ABOUT THIS EXERCISE
Copy out the full listing exactly, omitting any picture it contains.
____________
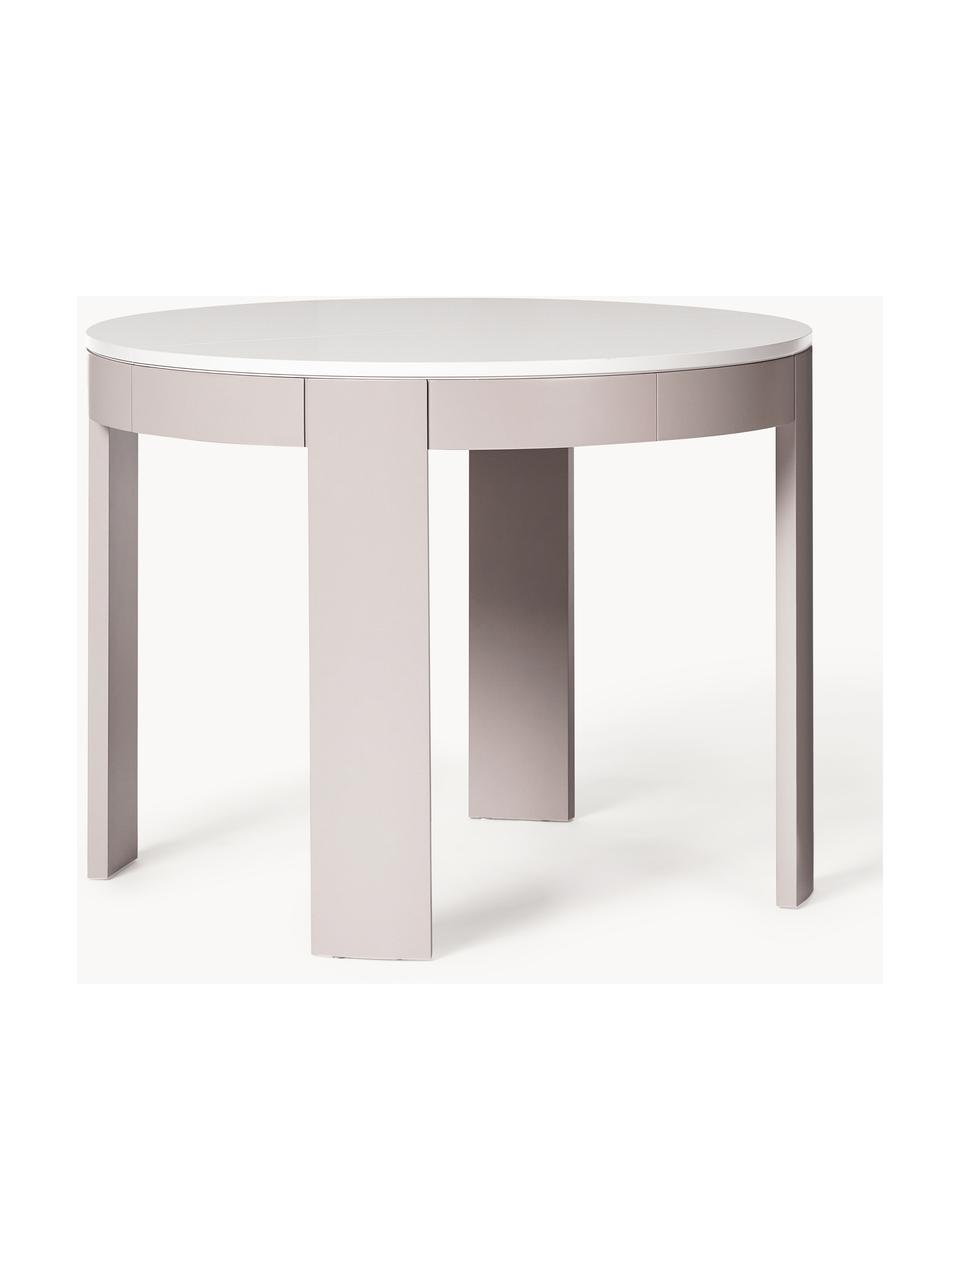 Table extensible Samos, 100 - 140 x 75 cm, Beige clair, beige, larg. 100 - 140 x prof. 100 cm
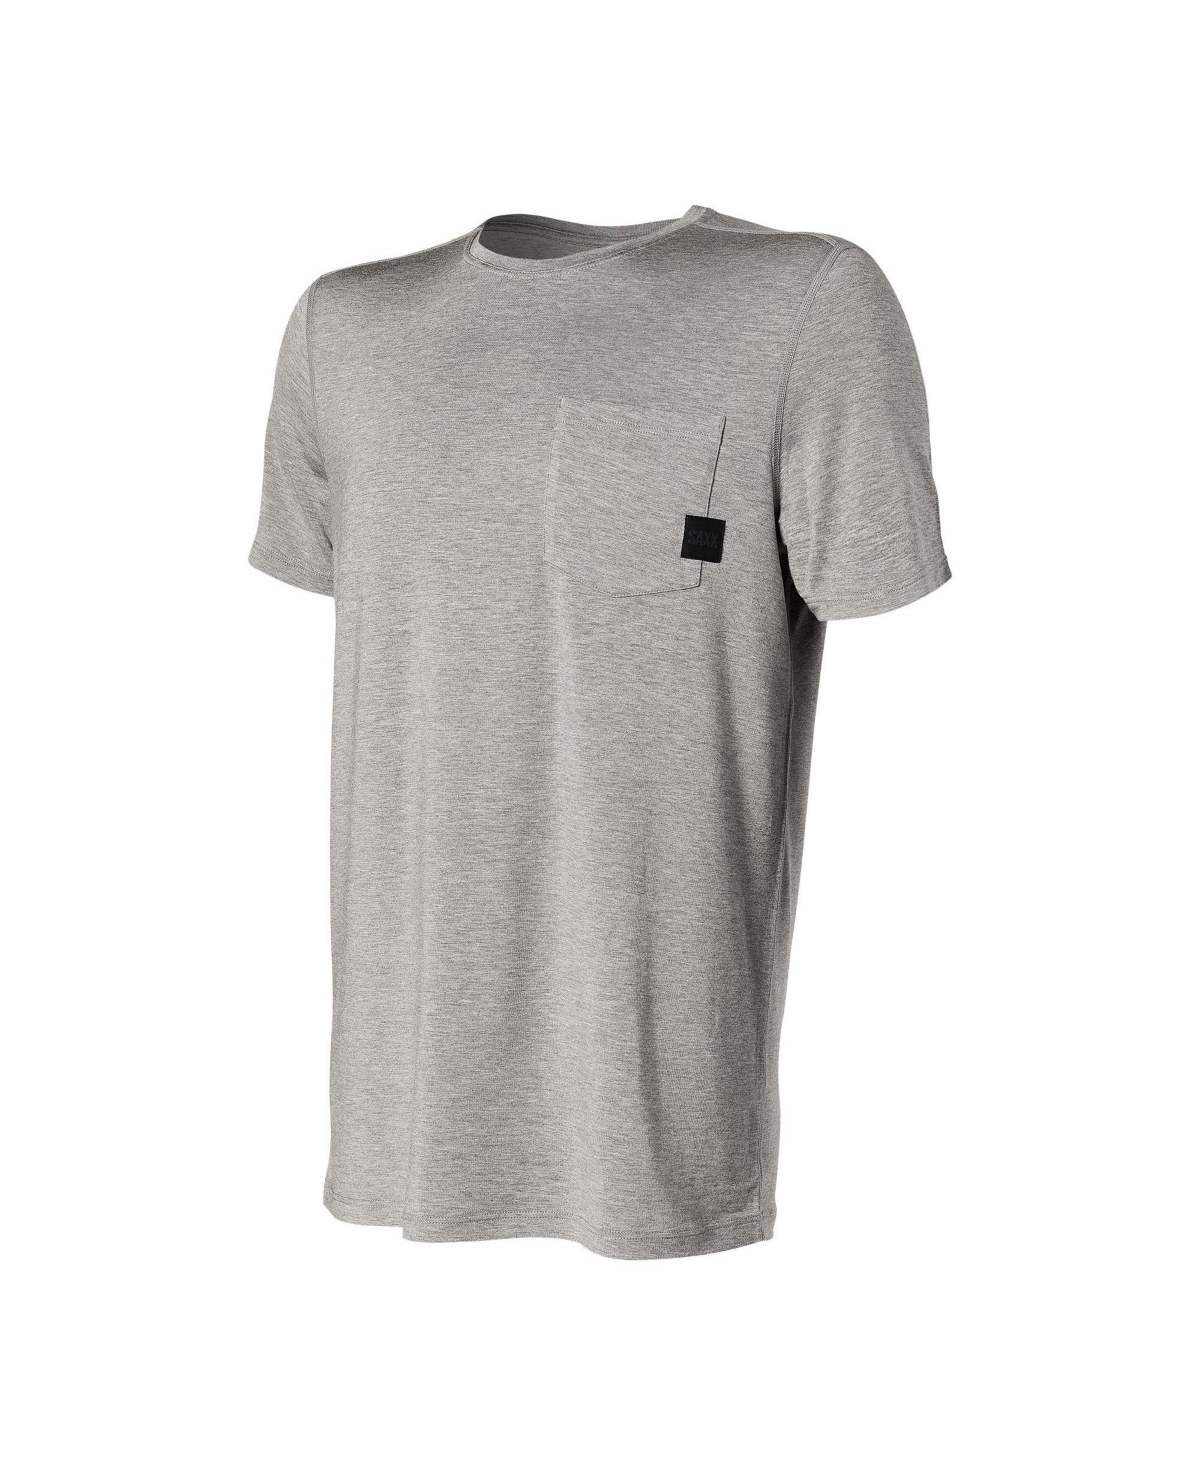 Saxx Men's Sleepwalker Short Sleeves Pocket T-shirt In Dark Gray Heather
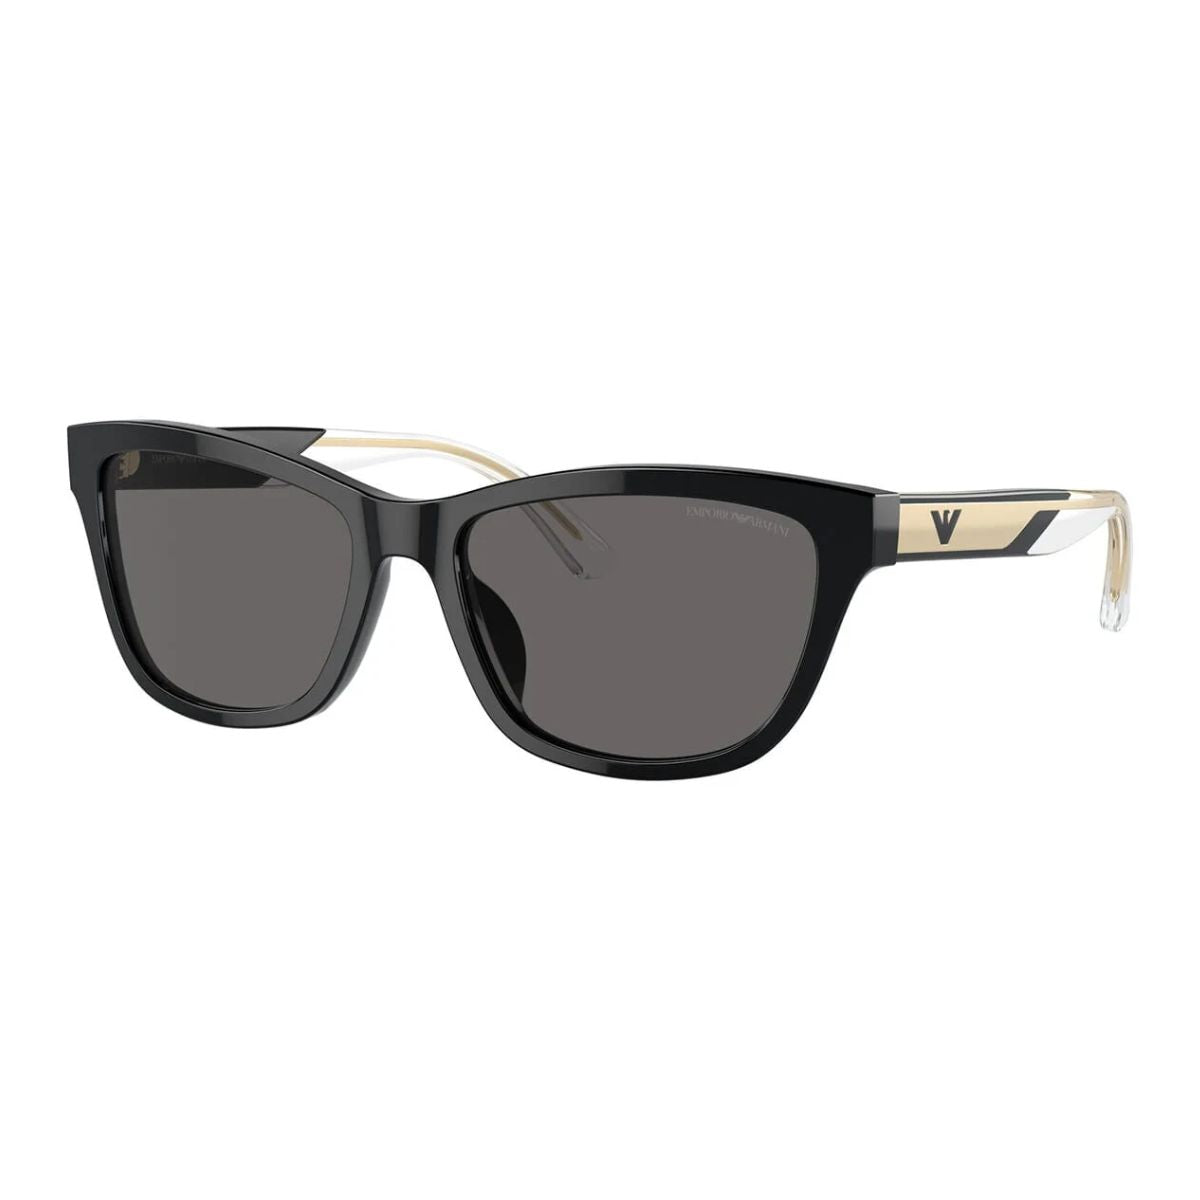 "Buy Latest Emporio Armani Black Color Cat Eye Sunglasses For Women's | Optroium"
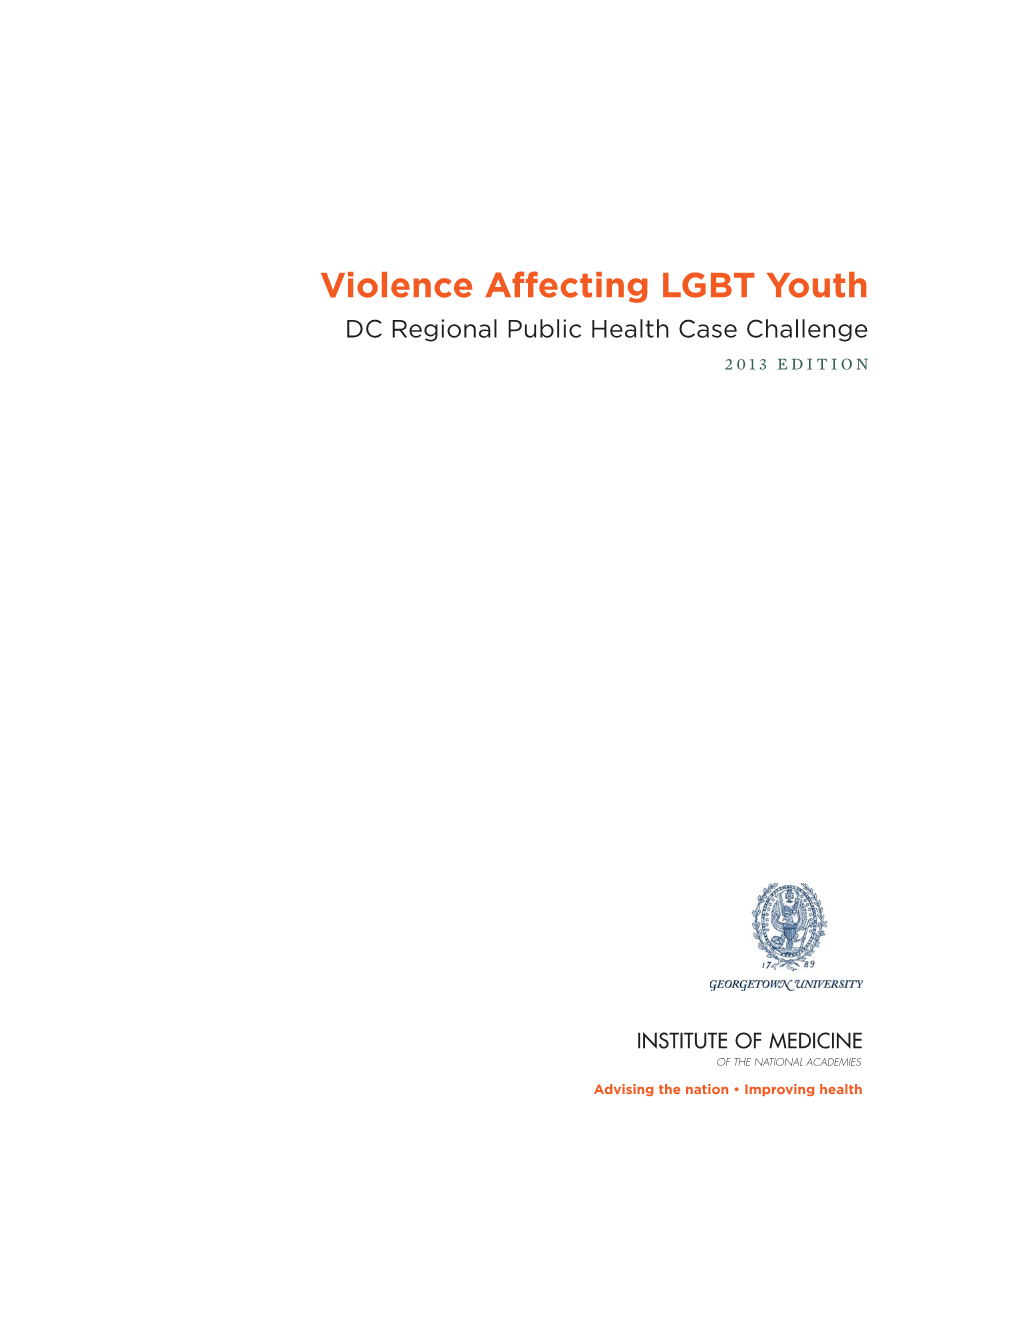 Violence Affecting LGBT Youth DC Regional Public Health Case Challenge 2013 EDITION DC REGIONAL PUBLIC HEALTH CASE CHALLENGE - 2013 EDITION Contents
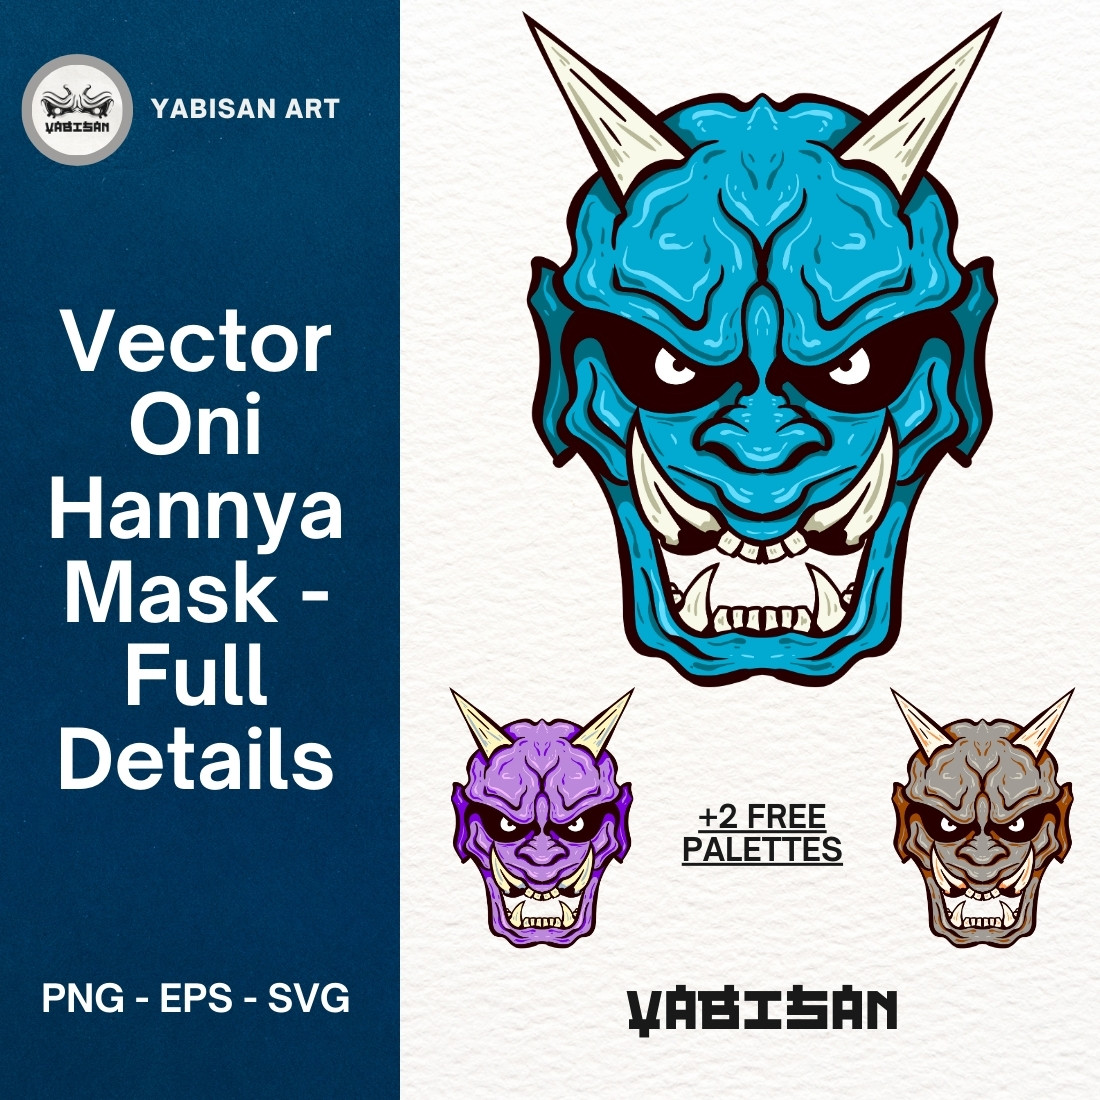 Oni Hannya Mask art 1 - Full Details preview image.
____________
OUTPUT BELOW
 Table extensible Samos, 100 - 140 x 75 cm, Beige clair, beige, larg. 100 - 140 x prof. 100 cm
 Saxx Men's Sleepwalker Short Sleeves Pocket T-shirt In Dark Gray Heather
 "Buy Latest Emporio Armani Black Color Cat Eye Sunglasses For Women's | Optroium"
 Violence Affecting LGBT Youth DC Regional Public Health Case Challenge 2013 EDITION DC REGIONAL PUBLIC HEALTH CASE CHALLENGE - 2013 EDITION Contents
 Oni Hannya Mask art 1 - Full Details preview image.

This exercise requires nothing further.